La dorsale Sud Ouest Indienne s’étend dans l’océan Indien entre le point triple de Bouvet au sud-ouest (1°5’W) jusqu’au point triple de Rodrigue au nord-est (70°00’E), et sépare la plaque Africaine au Nord de la plaque Antarctique au Sud (Figure II-1). Classée dans la catégorie des dorsales ultralentes (Dick et al., 2003), elle représente un intermédiaire entre la dorsale Atlantique lente et la dorsale la plus lente connue à ce jour, la dorsale arctique de Gakkel. Les études magnétiques, bathymétriques et sismiques ont montré que la dorsale SWIR présente d’importantes variations le long de son axe. Elle peut ainsi être séparée en quatre segments majeurs : la zone s’étendant du point triple de Bouvet à la zone de fracture d’Andrew Bain (30°E), la zone entre Andrew Bain et la zone de fracture de Gallieni (52°20’ E), la zone comprise entre la fracture de Gallieni et la fracture de Melville (52°20’E à 60°45’E) et l’est de la fracture de Melville jusqu’au point triple de Rodrigue.

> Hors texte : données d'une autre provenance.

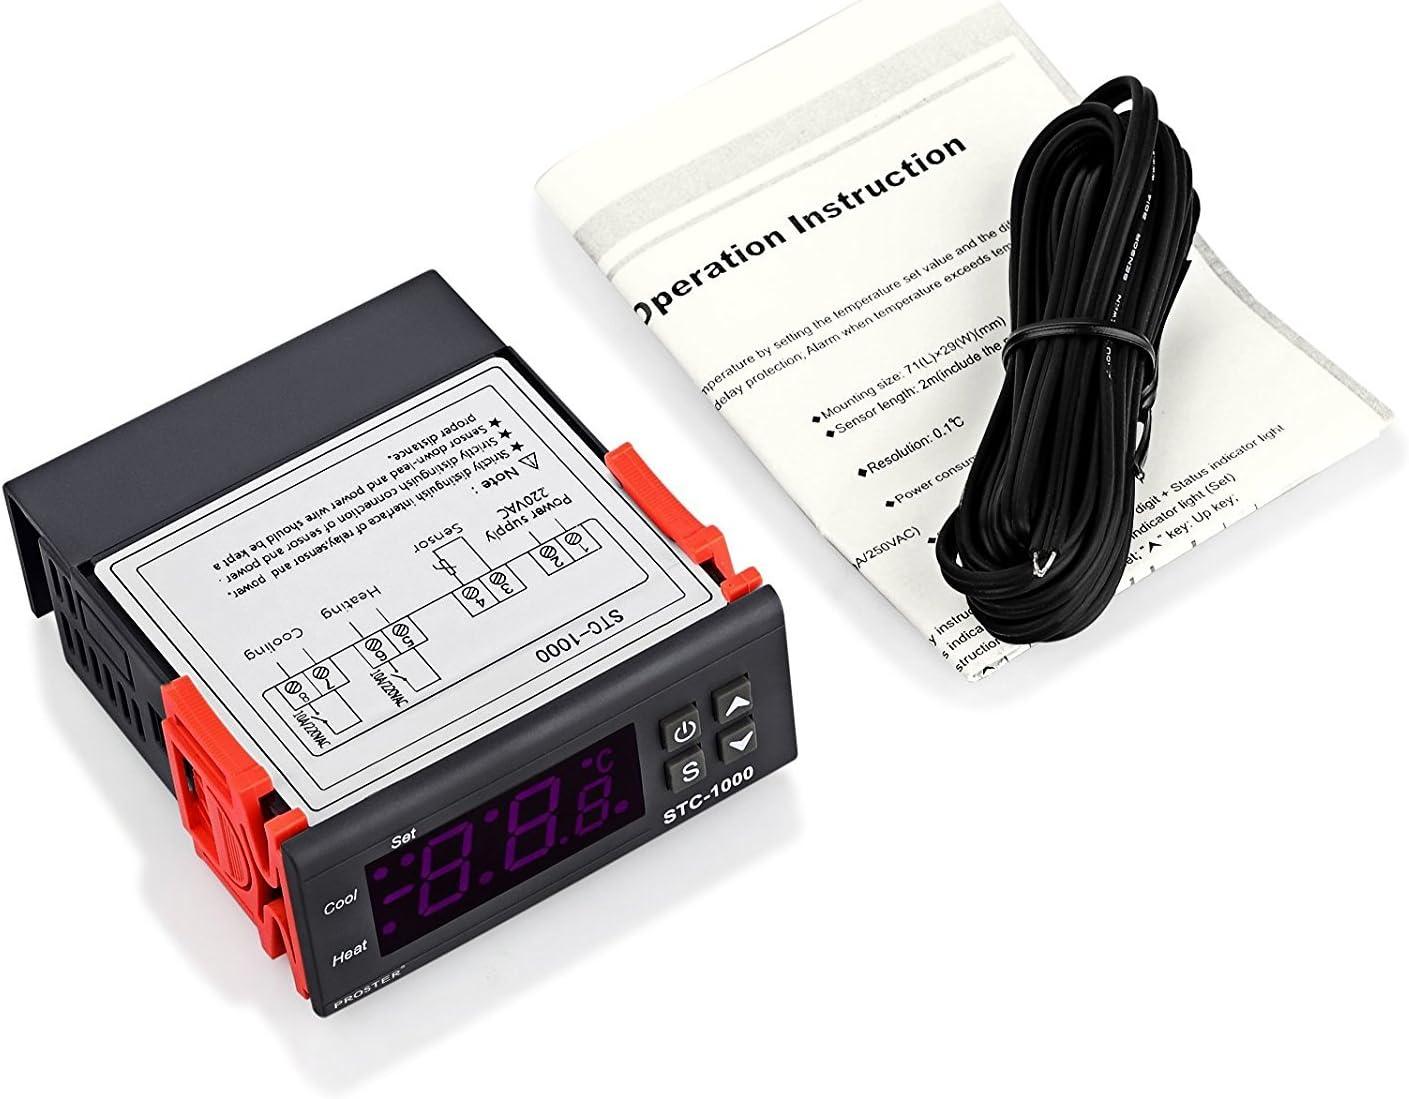 Termostato STC-1000, Proster 220V Digital Display LCD Sensor ...

Figure II-1 : Carte de la dorsale Sud-Ouest Indienne (SWIR) et de ses principales failles transformantes. CIR=Dorsale Centrale Indienne, SEIR=Dorsale Sud-Est Indienne, MAR=Dorsale Médio-Atlantique, AAR=Dorsale Amérique-Antarctique. Les points triples (TJ) sont repérés par les étoiles, et la zone du smooth seafloor (SMS) est repérée par le cadre vert.